Wednesday, October 2, 2013

Q & A with Tasha Alexander

New York Times Bestselling Author Tasha Alexander: Behind the Shattered Glass(October 15 release, Minotaur, $24.99)
 Q—The victim makes a grand entrance at a social gathering and falls dead in the opening pages. You get the reader’s attention quickly don’t you?
Alexander—The opening of this book came to me long before I had settled on the overall story. From there, I had to start asking questions about the gentleman in question to figure out what had happened to him…
Q—As the 8th book in the Lady Emily series does it seem the give-and-take between Lady Emily and her mother over a grim topic—such as murder--is something readers have come to anticipate?
Alexander—Emily and her mother have, at best, a sometimes-peaceful standoff. Their views on most things—women’s suffrage, education, appropriate social behavior, and child-rearing—clash, but there is a great deal of humor in their exchanges, and readers are kind enough to tell me they enjoy them. Lady Bromley, however, might not find them quite so amusing.
Q—What made you decide to delve into the two classes, upper class and servants?
Alexander—Emily has long had a less-than-ordinary relationship with her servants. For example, she doesn’t just give them orders—she talks to them—and has come to rely on Davis, her butler, and Meg, her lady’s maid, in ways that go beyond the usual master-servant rapport.
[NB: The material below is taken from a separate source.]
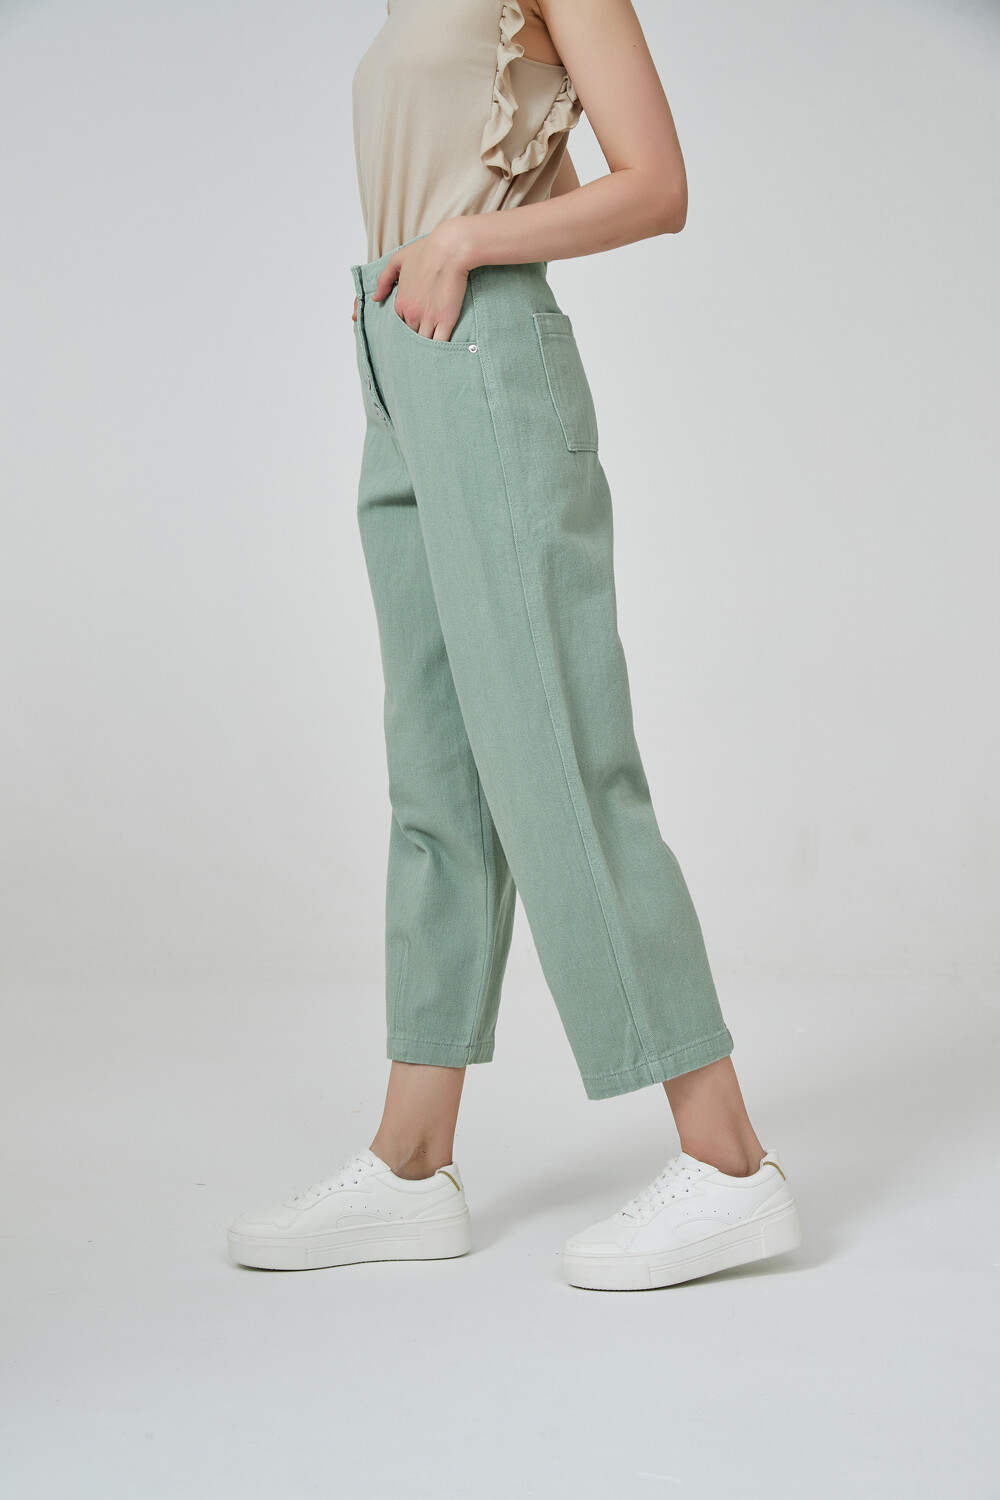 Pantalon Gobio Verde Seco

In this book, I wanted to explore what life was like below stairs—to get the servants’ side, so to speak. The late 19th century was a time of great change for those in service. The Industrial Revolution gave the lower classes more options for employment, and there was a great deal of debate as to what was a better job: factory work or service. There are pros and cons to both, and I think it is fascinating to consider how the people working the jobs felt about them. Davis, who has spent his entire life in service, is devoted to it, but there are others in Emily’s household who do not feel the same way. The glittering life above stairs was only possible because the strict constraints of the class system forced a large percentage of the population to work below stairs. These were tough, tough jobs. Maids were up before sunrise and on their feet doing hard labor until late in the evening. It’s no wonder they looked for other options, especially if they did not work for a family who treated them well.
 Q—Tell us about travel research for this book?
Alexander—I spent a great deal of time at country houses in England. Harewood House in Yorkshire has their kitchen and other downstairs rooms open—it was most enlightening to see them. Haddon Hall, Chatsworth, and Castle Howard inspired bits of Anglemore Park, the Hargreaves family estate, but it owes the most to Burton Agnes Hall, which was a place that felt so beautifully lived in—so much like a real home—that I wished I could move in.
Q—Now eight books and now you’re a New York Times Bestselling Author: what are the reasons Lady Emily and the series appeal to its growing list of followers?
Alexander—That is a difficult question. As a writer, I am immensely grateful that readers keep coming back for more Emily, but we all have different reasons for choosing the books we read. I have always loved a good series because the characters start to feel like old friends, and I can’t wait for the next installment. Elizabeth Peters’ Amelia Peabody books are some of my favorites, primarily because I adore the characters.
Q—In your mind what is the biggest individual change in Emily and Colin from book one (And Only To Deceive) to Behind the Shattered Glass?
Alexander—I don’t think they have changed so much as they have come into their own, Emily especially. They are both more comfortable in their convictions, and more comfortable working as equal partners in their marriage. In terms of real change, the addition of children to the household, though not as radical for wealthy Victorians with nannies and nurses as it is for us today, certainly has an enormous impact on them.
Q—How long did it take to write the manuscript and did you know the storyline when writing the last book, Death In The Floating City?
Alexander—I don’t outline. My brain doesn’t work that way. I spend several months doing research—reading, primarily. Once I have the seed of an idea, I start taking notes about characters and story. At some point, I have enough that I know I’m ready to write the first draft. Once the draft is complete, I let it sit for a month or so before revising. I write a book a year, and that allows me to comfortably deliver on time. The details of the story always come to me while I’m writing.